The Role of Mental Representations in Cognitive Studies of Film

Anthony Chemero and Andrei Cimpian

Department of Psychology

Franklin and Marshall College

Lancaster, PA 17604-3003 USA

 

Classical cognitive science (Fodor and Pylyshyn 1988) is founded on the idea that mind is a digital computer and that thinking is computation.  Since computation is usually understood as the rule-governed manipulation of representations (Haugeland 1985), this foundational idea requires the assumption that the mind contains representations of aspects of the environment.  Yet, due to advances in modeling within cognitive science, many have been denying this necessary condition.  That is, many have embraced anti-representationalism – very roughly, the idea that cognition does not involve representations at all. Due to the emphasis they place on the role of perceptual and cognitive processes in viewing films, sympathizers of Cognitive Film Theory (CFT) would benefit from a clear perspective on the relevance of this debate to their field in its current state, as well as on its potential implications for future research. In short, an awareness of the issues involved in the cognitive scientists’ disagreement over representations is likely to enhance the theoretical acuity of CFT. Thus, the thrust of this paper is to discuss the degree to which CFT should find it useful to rely on mental representations in its interpretation of film viewing; to this end, we will first provide and explain one standard definition of mental representation and then apply it, along with a non-representational account, to a phenomenon commonly encountered, especially in movie theaters – people’s ability to see a surface on which colored light is projected as either a two-dimensional surface or a three-dimensional scene, but never both.

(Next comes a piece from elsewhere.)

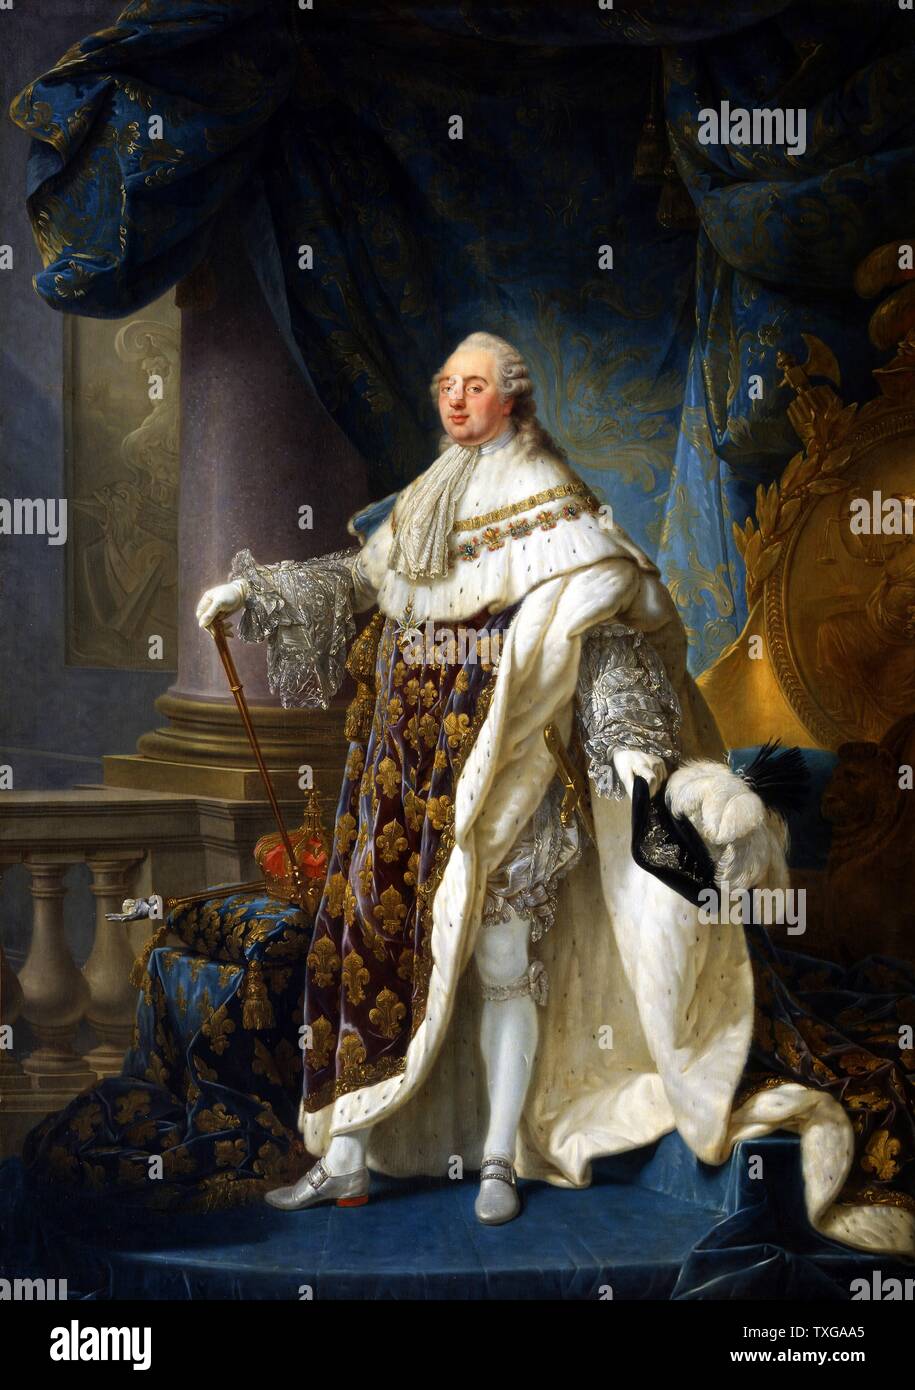 Antoine-François Callet French school Louis XVI, King of France, wearing his Grand Royal costume 1779 Oil on canvas (278 x 196 cm) Versailles, Museum of the Castle Stock Photo

The conclusion of the paper will draw on the comparison of the two approaches to this phenomenon in order to reach more general conclusions about the usefulness of adopting either stance (representationalist or non-representationalist) in CFT research.

          We will start by providing a definition of representation that will match up with both philosophical tradition and current usage in cognitive science (Chemero 2000).  In order to show that something is a representation, it will suffice to show that it meets the following three conditions.

A feature R0 of a system S (say, an organism) will be counted as a Representation for S if and only if:

(R1) R0 stands between a representation producer P and a representation consumer C (say, a part of the perceptual apparatus of S) that have been standardized to fit one another.

(R2) R0 has as its proper function to adapt the representation consumer C to some aspect A0 of the environment, in particular by leading S to behave appropriately with respect to A0, even when A0 is not the case.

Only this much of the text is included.